The Seventh District Court of Appeals has reaffirmed its prior decision in Hupp v. Beck Energy Corp. In Belmont Hills Country Club v. Beck Energy Corp. and Bentley v. Beck Energy Corp., the appeals court relied on Hupp in holding that a conditional secondary term does not make a lease perpetual in nature and that the lease at issue contained an express waiver of implied covenants of reasonable development. Further, a lease that allows production in paying quantities to be determined “in the judgment of the lessee” does not create a perpetual because courts impose a good faith standard on the paying quantities determination. The court also held that the delay rental provision did not allow the lease to be held in perpetuity by making nominal payments.

Ohio Trial Court Rejects Local Drilling Ban

Relying on the recent authority in State ex rel. Morrison v. Beck Energy Corp., the Cuyahoga County Common Pleas Court struck down a local Ohio drilling ban. In Bass Energy, Inc. v. City of Broadview Heights, the court held that a charter amendment prohibiting new oil and gas drilling was in conflict with Ohio’s comprehensive statutes regulating oil and gas drilling. Because the local ban conflicted with the statewide regulatory scheme, it did not meet the requirements of Ohio’s Home Rule Amendment and was ruled to be unenforceable. The court specifically stated that the charter amendment was an invalid exercise of Broadview Heights’ home rule authority.

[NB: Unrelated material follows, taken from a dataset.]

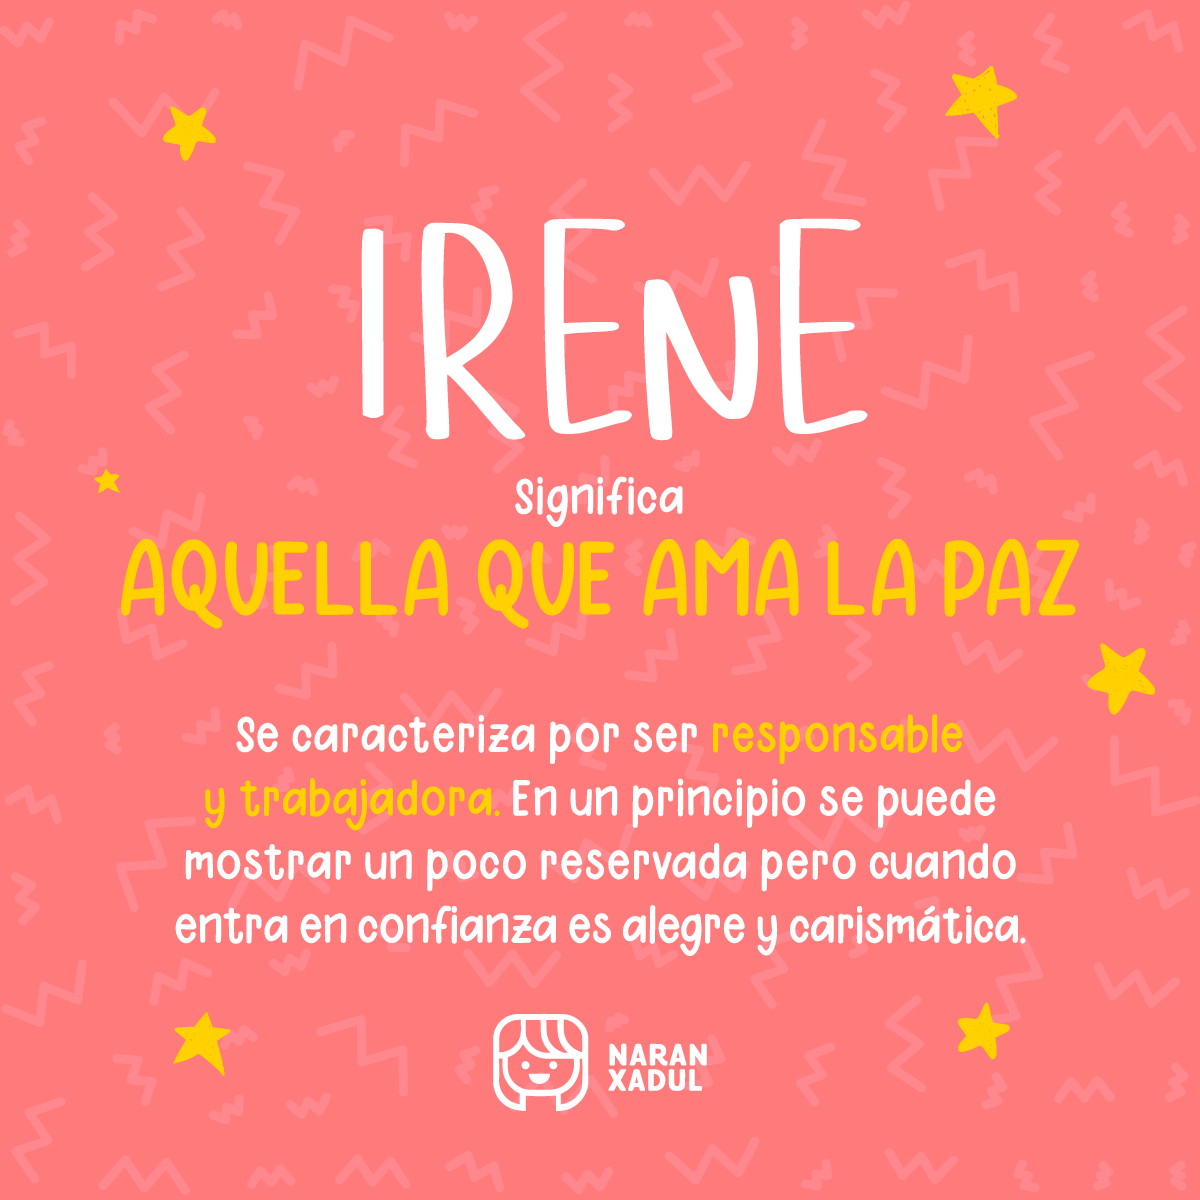 Significado de Irene

Ohio Supreme Court Rejects Municipal Ordinances Regulating Oil and Gas Operations

The Ohio Supreme Court issued a ruling in favor of Beck Energy, holding that Ohio Constitution’s home rule amendment does not allow a municipality to enforce its own oil and gas permitting scheme on top of the state system. In the case, the city of Munroe Falls adopted an ordinance prohibiting the drilling of an oil and gas well until a conditional zoning certificate had been obtained. The ordinance also required payment of additional application fees and the posting of a performance bond. The Ohio General Assembly had adopted a uniform statewide regulation of all oil and gas operations in Revised Code Chapter 1509. The Court held that the Ohio Constitution vests the General Assembly with the power to to pass laws providing for the “regulation of methods of mining, weighing, measuring and marketing coal, oil, gas and all other minerals” and the comprehensive regulatory scheme created by the General Assembly does exactly that. The home rule amendment to the Ohio Constitution does not allow a municipality to discriminate against, unfairly impede, or obstruct oil and gas activities and production operations that the state has permitted under R.C. Chapter 1509.

Ohio Supreme Court Schedules Oral Argument in Dormant Mineral Act Cases

The Ohio Supreme Court scheduled oral argument in two significant Dormant Mineral Act (“DMA”) cases. Oral argument has been scheduled on Corban v. Chesapeake Exploration, L.L.C. for May 6, 2015. As previously reported on ShaleEnergyLawBlog, the Corban case is likely to decide whether the 1989 or 2006 version of the DMA applies to current cases.

The Court also scheduled oral arguments in Walker v. Shondrick-Nau for June 23, 2015. The Walker case is set to decide similar issues concerning application of the DMA.